Sorreggendosi al letto si rimise in piedi e acciuffò i pantaloncini monocromatici, per poi chinarsi a raggiungere l'arto infortunato. Rimase in equilibrio e con entrambe le mani sollevò l'elastico dell'indumento fino al bacino. Sull'inguine altre ferite marchiavano il suo esile corpo. Serrai gli occhi, intimorita dal pensiero di essere scoperta e mi voltai dall'altra parte, dandole le spalle. Mi nascosi sotto le lenzuola e iniziai a riflettere sulle abitudini di Grace, come la sua tendenza a chiudersi in bagno per cambiarsi o al suo guardaroba privo di crop top o abiti eccessivamente corti. Un tremulo sospiro uscì dalle mie labbra quando ricordai la conversazione che avevamo avuto il giorno successivo al mio attacco di panico. "Fidati di una veterana che è al suo terzo ricovero".
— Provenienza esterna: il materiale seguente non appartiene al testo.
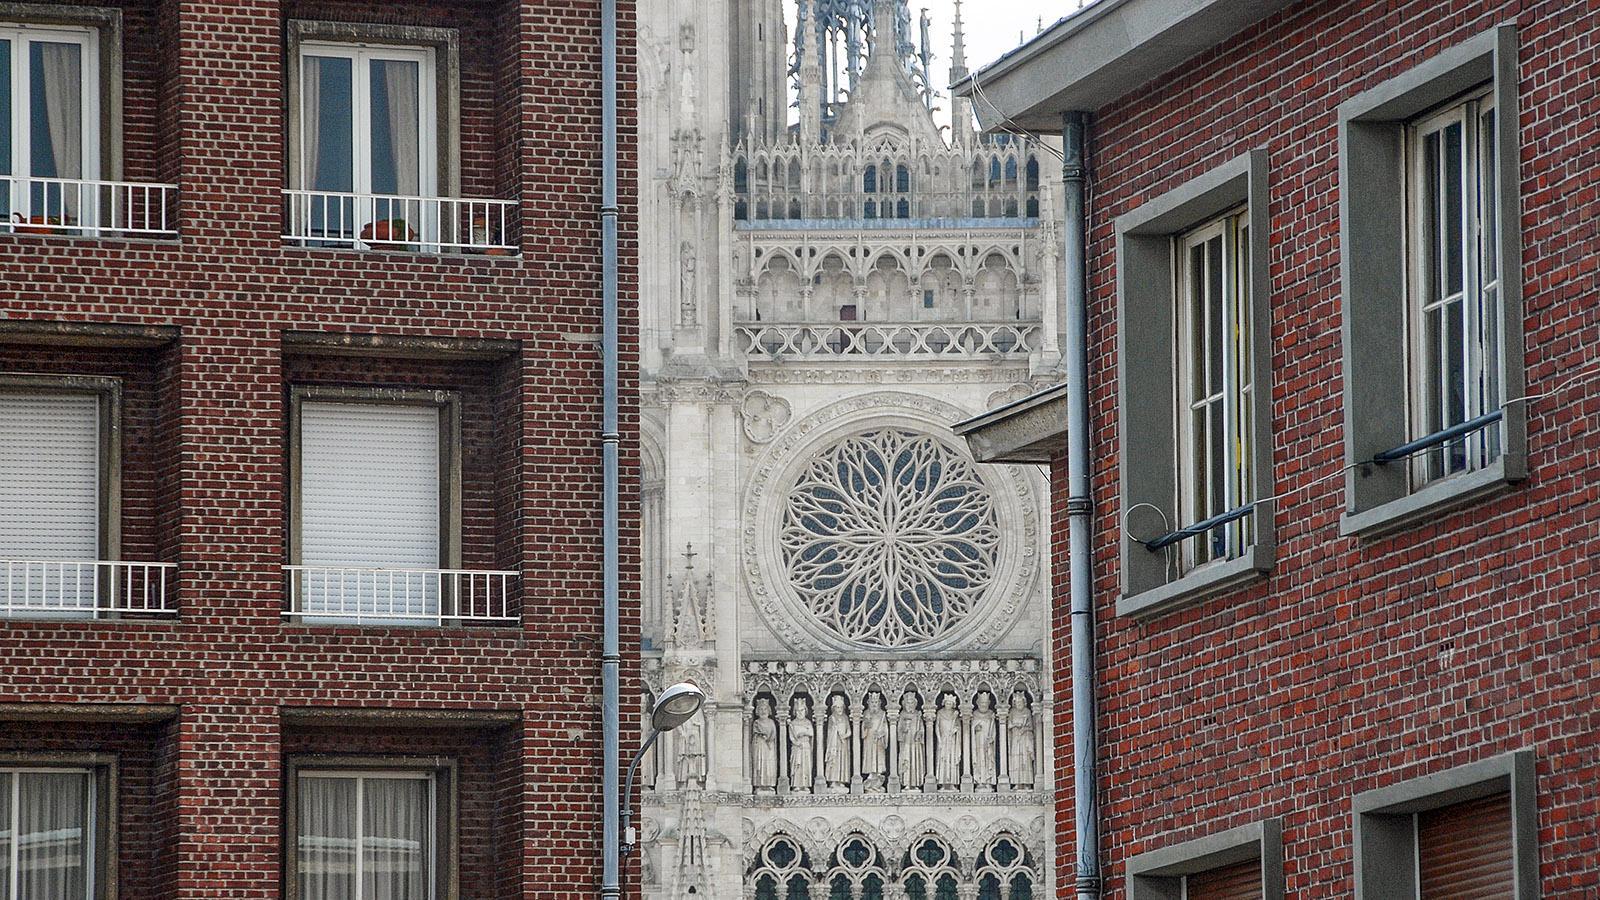 Kontraste in Amiens: Wiederaufbau in Backstein und Jahrhunderte altes Erbe. Foto: Hilke Maunder

Una guerra iniziata chissà quanti anni prima dal passaggio ripetuto di una lama tagliente. Un dolore fisico per annientare quello mentale. Un segno indelebile inflitto come promemoria per non dimenticare.

Quella notte riuscii a dormire solo grazie alla sonnolenza indotta dagli antidepressivi. Effetti collaterali, che mi avevano portato ad avere anche mal di testa ricorrenti e nausea. Capitavano più spesso però momenti in cui riuscivo a sentirmi meno vuota, come se lentamente qualcuno stesse cercando di riempire la mia anima; quel brandello di vita che continuava a oscillare come un pendolo tra malattia e guarigione, tra tristezza e felicità, tra vita e morte.

«Hai voglia di parlarmi dell'attacco di panico che hai avuto qualche giorno fa?»

La voce profonda dello psichiatra mi riportò alla realtà, ricordandomi della piccola bugia che avevo detto ad Oliver al fine di proteggere me stessa.

«Non ho avuto un attacco di panico.» Iniziai, concedendogli per la prima volta dopo dieci minuti il mio sguardo. «É stato solo un attacco d'ansia.» Mentii nuovamente, sminuendo al contempo il problema di cui soffrivo ormai da anni.